ECC, unlike common fiber reinforced concrete, is a micromechanically designed material[2]. This means that the mechanical interactions between ECC's fiber and matrix are described by a micromechanical model, which takes into account material properties and helps predict properties and guide ECC development.

ECC looks similar to ordinary portland cement-based concrete, except that it does not include coarse aggregate and can deform (or bend) under strain[1] . A number of research groups are developing ECC science, including those at the University of Michigan, Delft University of Technology, the University of Tokyo, the Czech Technical University, and Stanford University. Traditional concrete’s lack of durability and failure under strain, both stemming from brittle behavior, have been a pushing factor in the development of ECC.

Properties

ECC has a variety of unique properties, including tensile properties superior to other fiber-reinforced composites, ease of processing on par with conventional cement, the use of only a small volume fraction of fibers (~ 2 %), tight crack width, and a lack of anisotropically weak planes [3]. These properties are due largely to the interaction between the fibers and cementing matrix, which can be custom-tailored through micromechanics design. Essentially, the fibers create many microcracks with a very specific width, rather than a few very large cracks (as in conventional concrete.) This allows ECC to deform without catastrophic failure.

This microcracking behavior leads to superior corrosion resistance (the cracks are so small and numerous that it is difficult for aggressive media to penetrate and attack the reinforcing steel) as well as to self-healing[4]. In the presence of water (during a rainstorm, for instance) unreacted cement particles recently exposed due to cracking hydrate and form a number of products (Calcium Silicate Hydrate, calcite, etc.) that expand and fill in the crack. These products appear as a white ‘scar’ material filling in the crack. This self-healing behavior not only seals the crack to prevent transport of fluids, but mechanical properties are regained. This self-healing has been observed in a variety of conventional cement and concretes; however, above a certain crack width self healing becomes less effective. It is the tightly controlled crack widths seen in ECC that ensure all cracks thoroughly heal when exposed to the natural environment.

When combined with a more conductive material (metal wires, carbon nanotubes, etc.) all cement materials can increase and be used for damage-sensing. This is essentially based on the fact that conductivity will change as damage occurs; the addition of conductive material is meant to raise the conductivity to a level where such changes will be easily identified. Though not a material property of ECC itself, conductive ECC for damage-sensing applications are being developed by a number of research groups.

Types

There are a number of different varieties of ECC, including:

  • Lightweight (i.e. low density) ECC have been developed through the addition of air voids, glass bubbles, polymer spheres, and/or lightweight aggregate.
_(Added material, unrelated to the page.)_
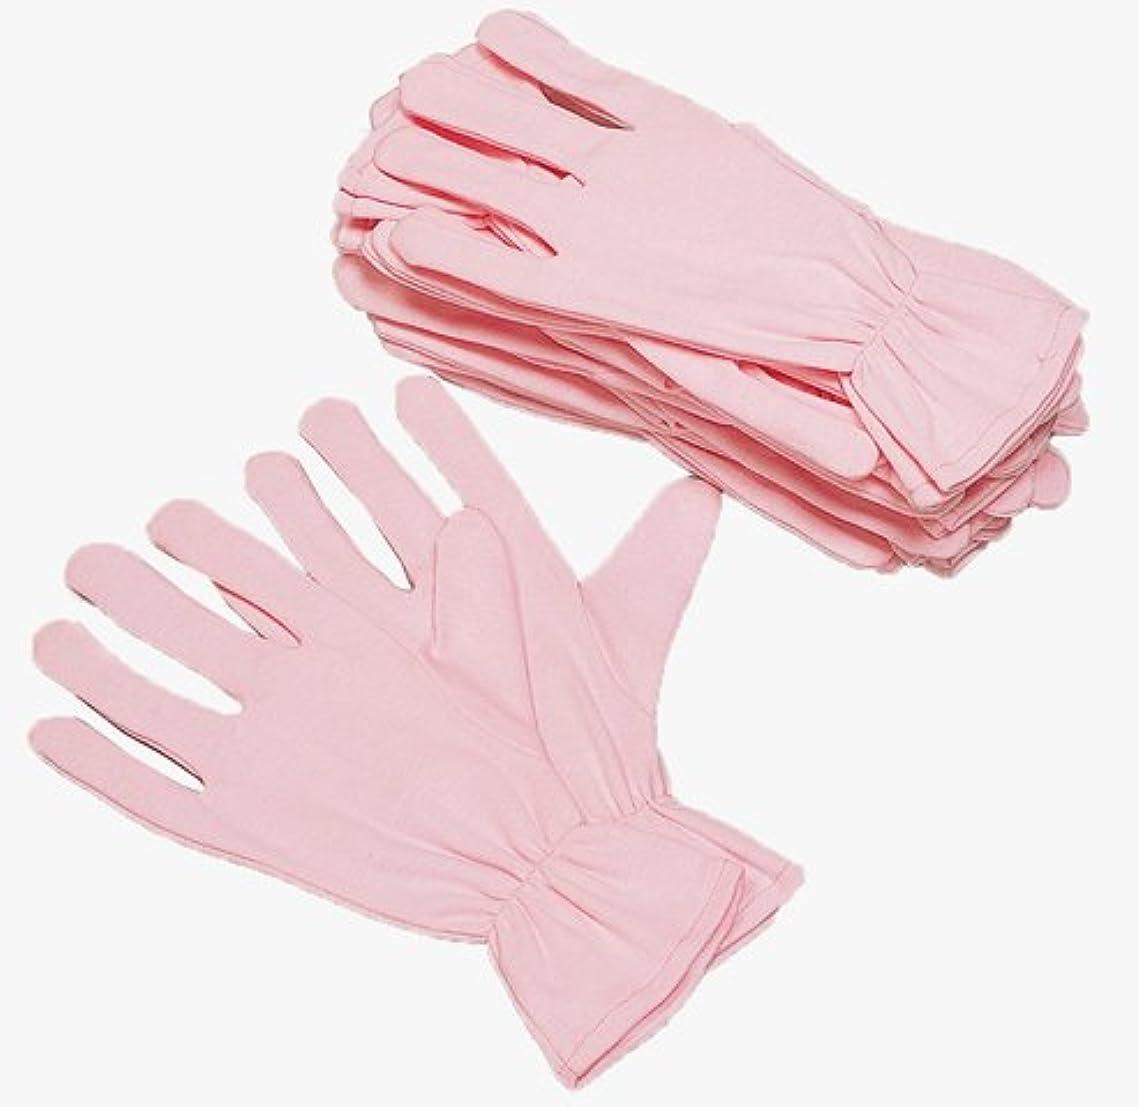 ダーベビルのテス楽しませる電極綿ソフト手袋12枚入×2個組
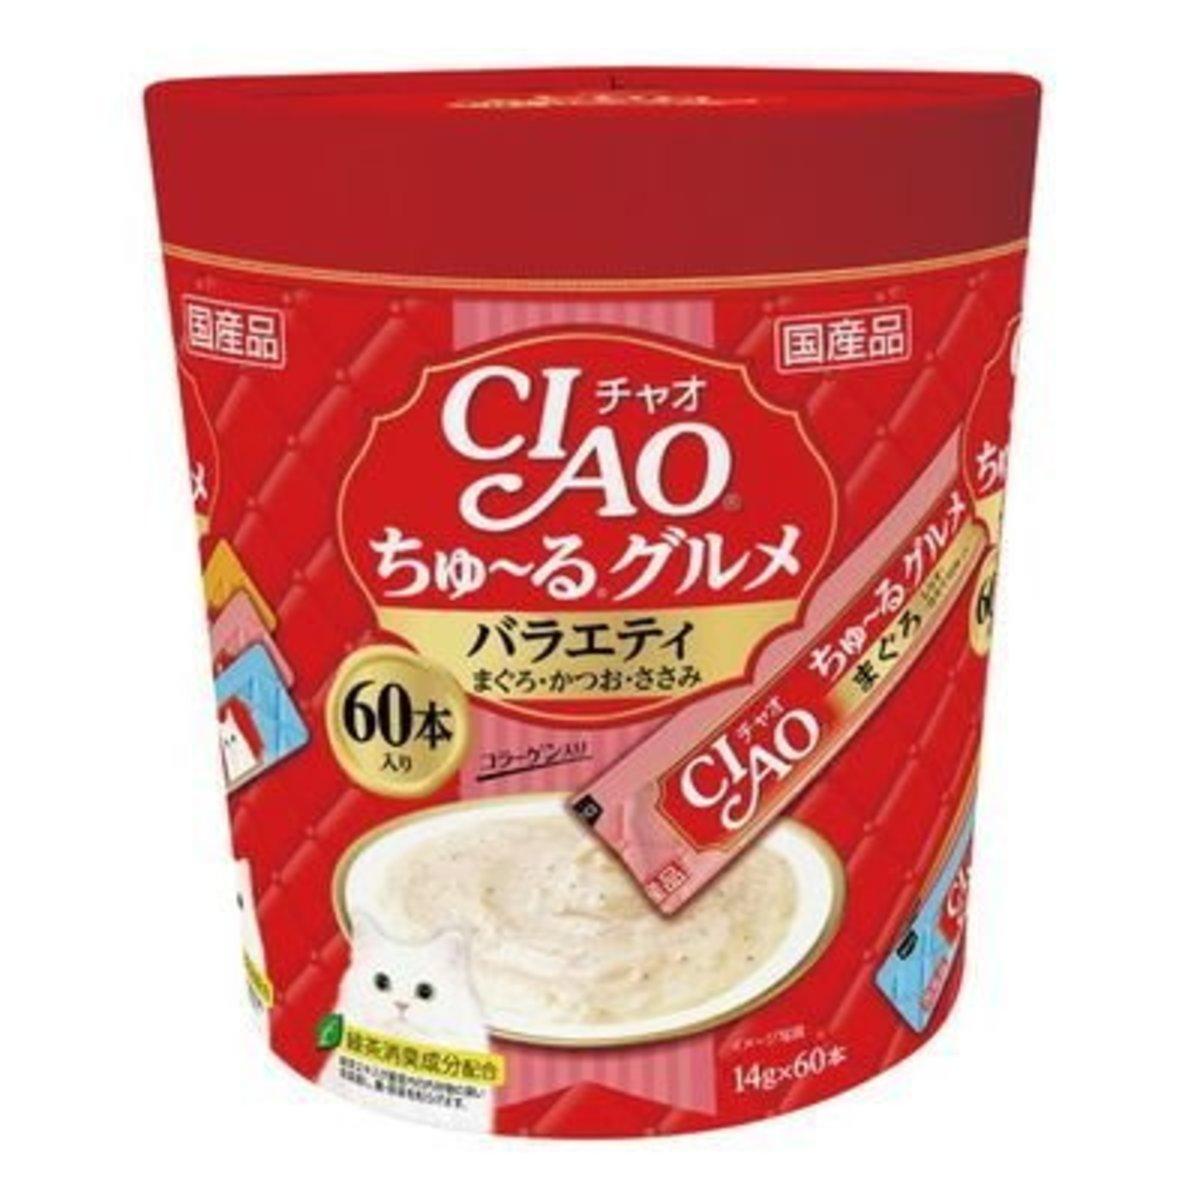 貓貓CIAO醬包-吞拿魚鰹魚雞肉 14g x60本 [紅色]

Compared to other lightweight cements, lightweight ECC has superior compressive and tensile strength, crack-width control, and damage tolerance. Applications include floating homes, barges, and canoes.
  • ‘Self compacting concrete’ refers to a concrete that can flow under its own weight. For instance, a self-compacting material would be able to fill a mold containing elaborate pre-positioned steel reinforcement without the need of vibration or shaking to ensure even distribution. Self-compacting ECC was developed through the use of chemical admixtures to decrease viscosity and through controlling particle interactions with mix proportioning.
  • Sprayable ECC, which can be pneumatically sprayed from a hose, have been developed by using various superplasticizing agents and viscosity-reducing admixtures. Compared to other sprayable fiber-reinforced composites, sprayable ECC has enhanced pumpability in addition to its unique mechanical properties. Sprayable ECC has been used for retrofitting/repair work and tunnel/sewer linings.
  • An extrudable ECC for use in the extrusion of pipes was first developed in 1998. Extruded ECC pipies have both higher load capacity and higher deformability than any other extruded fiber-reinforced composite pipes.

Field Applications

ECC have found use in a number of large-scale applications in Japan, Korea, Switzerland, Australia and the U.S.[3]. These include:

  • The Mitaka Dam near Hiroshima was repaired using ECC in 2003[5]. The surface of the then 60-year old dam was severely damaged, showing evidence of cracks, spalling, and some water leakage. A 20 mm-thick layer of ECC was applied by spraying over the 600 m2 surface.
  • Also in 2003, an earth retaining wall in Gifu, Japan, was repaired using ECC[6]. Ordinary portland cement could not be used due to the severity of the cracking in the original structure, which would have caused reflective cracking. ECC was intended to minimize this danger; after one year only microcracks of tolerable width were observed.
  • The 95 m (312 ft.) Glorio Roppongi high-rise apartment building in Tokyo contains a total of 54 ECC coupling beams (2 per story) intended to mitigate earthquake damage [7]. The properties of ECC (high damage tolerance, high energy absorption, and ability to deform under shear) give it superior properties in seismic resistance applications when compared to ordinary portland cement. Similar structures include the 41-story Nabeaure Yokohama Tower (4 coupling beams per floor.)
  • The 1-km (0.6 mile) long Mihara Bridge in Hokkaido, Japan was opened to traffic in 2005 [8]. The steel-reinforced road bed contains nearly 800 m3 of ECC material. The tensile ductility and tight crack control behavior of ECC led to a 40 % reduction in material used during construction.
  • Similarly, a 225-mm thick ECC bridge deck on interstate 94 in Michigan was completed in 2005[9] . 30 m3 of material was used, delivered on-site in standard mixing trucks. Due to the unique mechanical properties of ECC, this deck also used less material than a proposed deck made of ordinary portland cement. Both the University of Michigan and the Michigan Department of Transportation are monitoring the bridge in an attempt to verify the theoretical superior durability of ECC; after 4 years of monitoring, performance remained undiminished.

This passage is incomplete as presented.